The terms B_y,0 and B_z,0 in Eq. (2) determine the secondary sensor readings under a pre-loaded starting condition, and the parameters β_y,i and β_z,i are obtained by minimizing the approximation error based on transfer function data collected according to Fig. 6. Disregarding secondary sensor signals that do not show proper correlation as discussed above can be achieved by setting the corresponding parameters β to zero. In the present case, choosing for example signals 1.1 y and 1.2 y with the soft-annealed primary sensor and 1.1 y and 1.1 z for the hard version and disregarding other signals seems to be reasonable based on the previous considerations. When applying the same load profile that led to the diagrams in Fig. 7, approximating the acting force according to Eq. (2) yields the load curves of Fig. 8.

Figure 8 Resulting approximation of the acting load for primary sensors made of the soft-annealed and hard steel 50NiCr13.

In the case of the soft-annealed primary sensor, the approximated force values deviate significantly from the reference measurements of the strain gauge reference sensor, and a severe drift of the low load approximation is noticeable.
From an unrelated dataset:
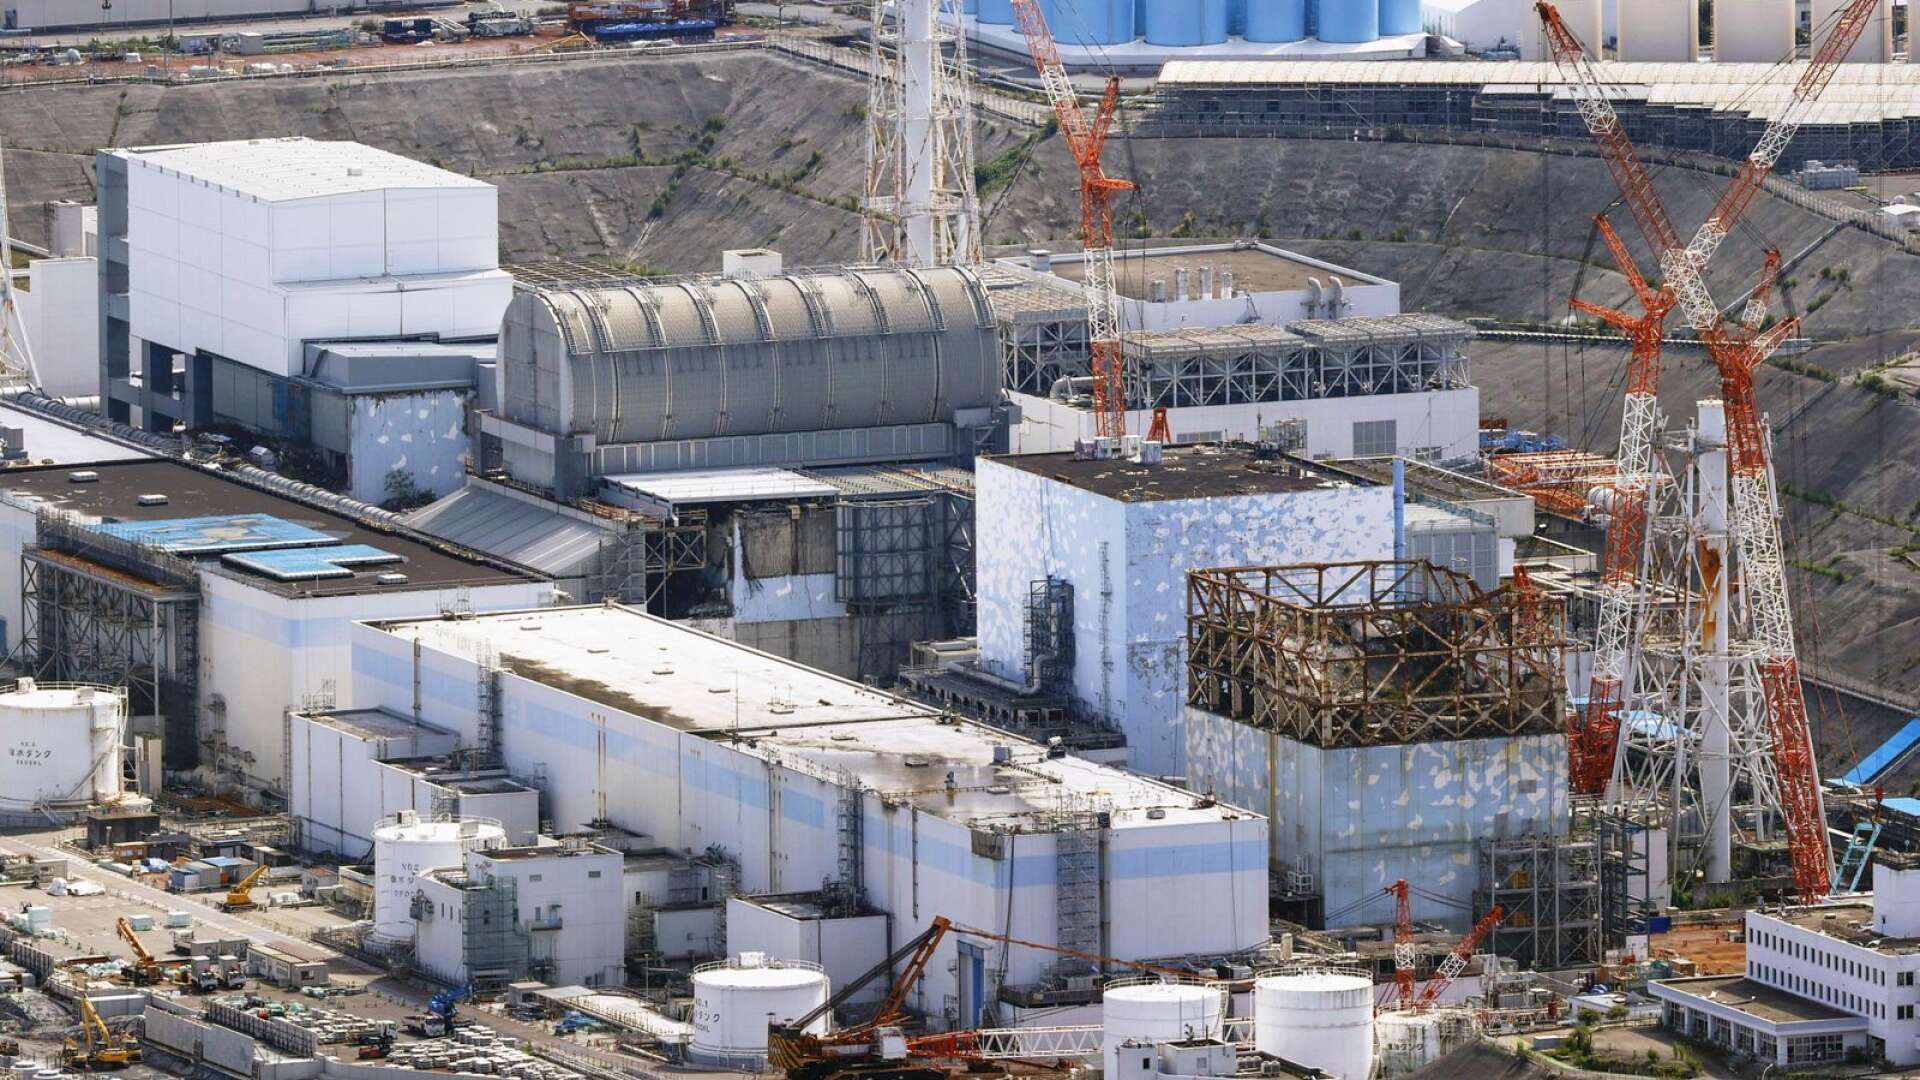 Bränslet i de tre reaktorerna är fortfarande kvar i kärnkraftverket och sprider sin farliga strålning till omgivningen, skriver Christer Alnebratt.
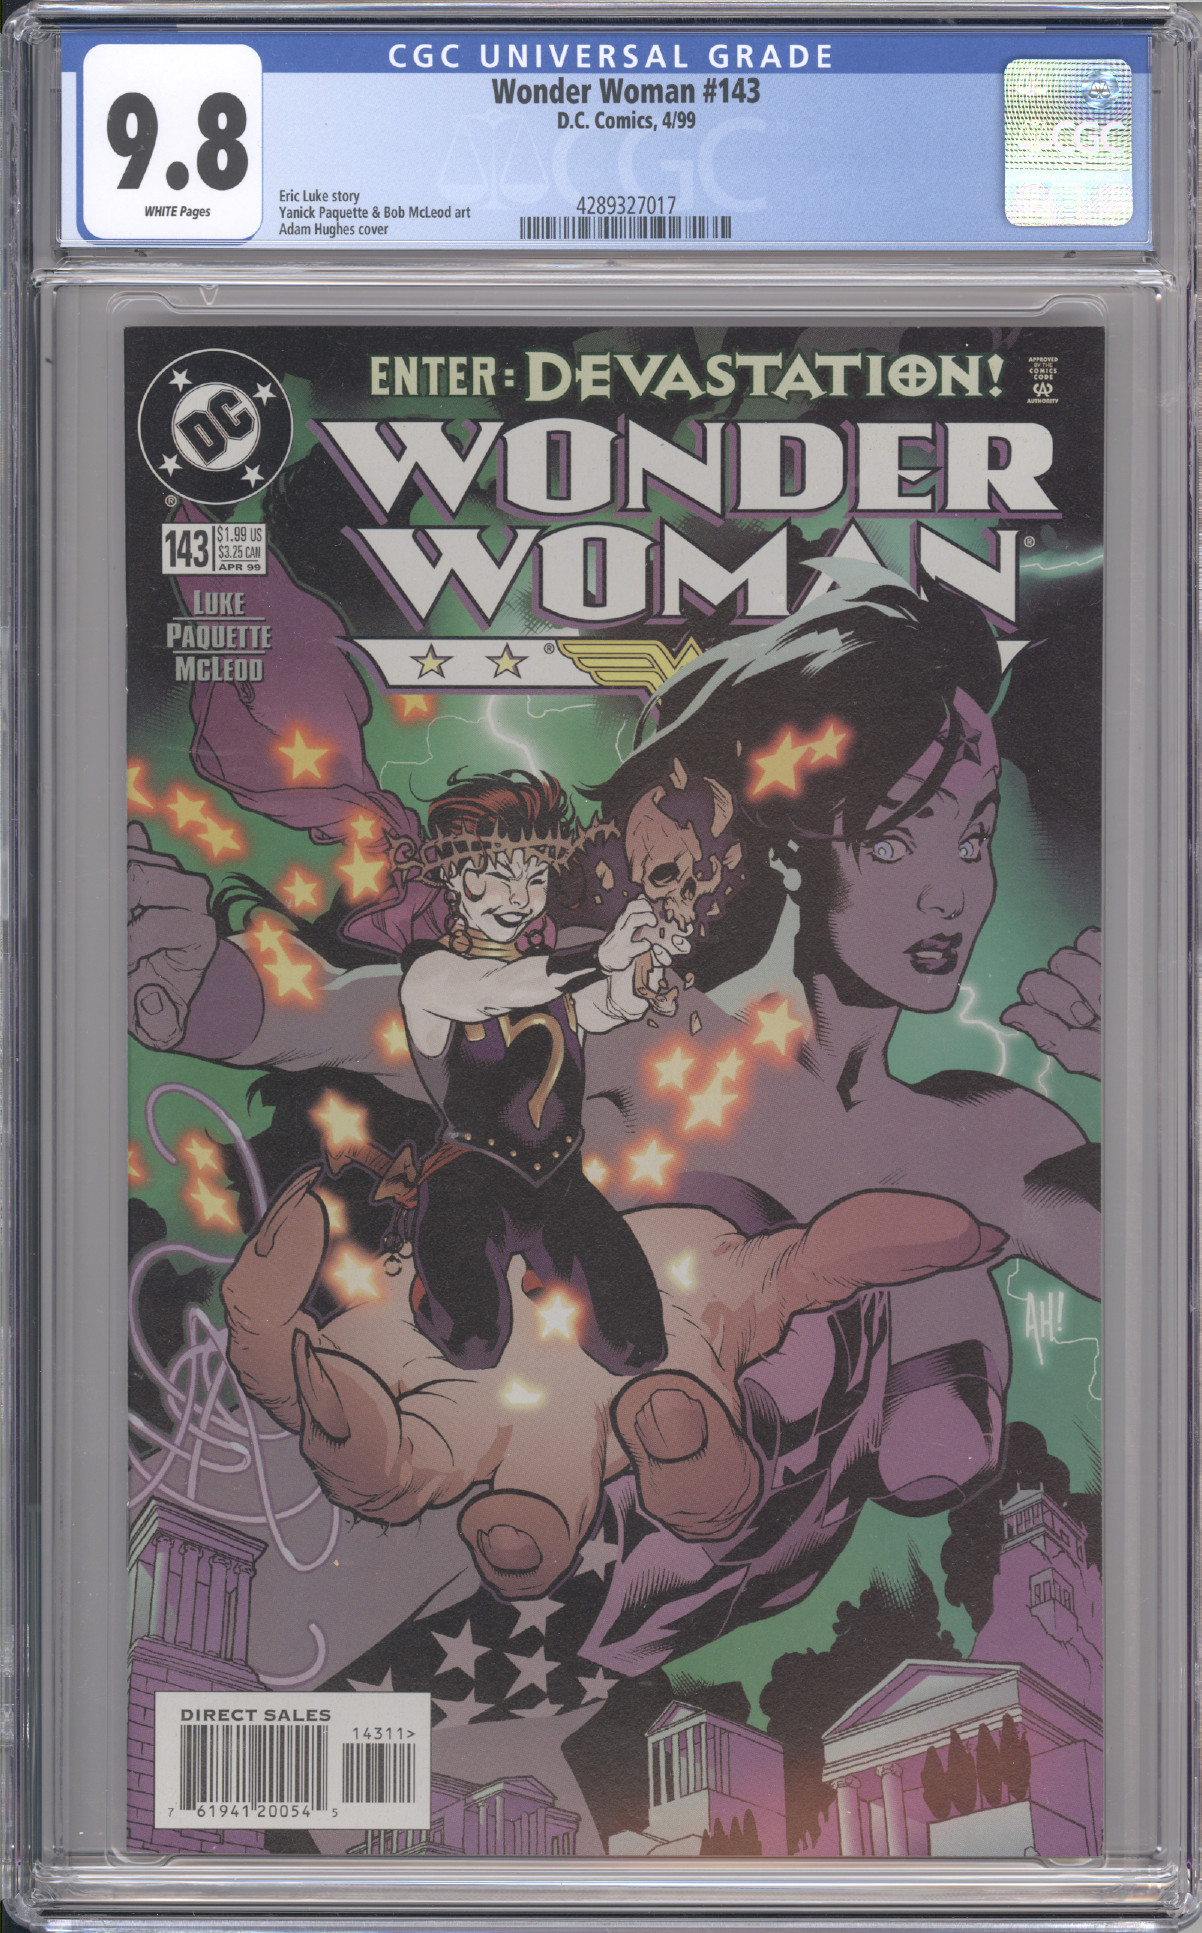 Wonder Woman #143

These findings do not allow a reasonable application of such a sensor material. In the case of the hardened material, deviations from the reference values and a low load drift are also noticeable, though to a significantly smaller extent, as the signal plots in Fig. 7 already indicate. In the high-load area at around 5 kN, the approximated values differ by a maximum of 3.4 % from the reference value.

The suitability of such precision depends on the considered application. Pre-load measurement as mentioned in the beginning could be a suitable application where the present sensor concept with its limited precision might still provide added value over existing pre-load measurement techniques (Li et al., 2020), as the expectable precision of current industrially applied methods is moderate (Hwang and Lee, 2010). The low package height and reduced costs of the sensor concept could be major enablers compared to strain gauge or piezo-based sensor techniques.

5 Conclusion

The investigations into the presented sensor concept show that force measurement based on the inverse magnetostrictive principle with remanent magnetization is basically possible even without the usage of active field-generating means. However, the currently achievable precision and stability are lower compared to the performance exhibited by strain gauge sensor systems.

The magnetic properties of the employed sensor material, foremost its coercive field and its remanent flux density under load, have a direct impact on the hysteretic behaviour and precision of the sensor. Heat treating a material can alter these values, but the desired increase in the coercive field often involves a weaker magnetostrictive behaviour, leading to a trade-off in the choice of material. Further investigations into mechanical engineering steel grades and their magnetic properties as well as optimizations of the primary sensor geometry might lead to improvements.

The present investigations have not yet taken disturbing effects such as the geomagnetic field and temperature impacts into consideration, even though their impact is expected to be relevant. Such effects should be analysed in future work, ideally based on a specific application environment.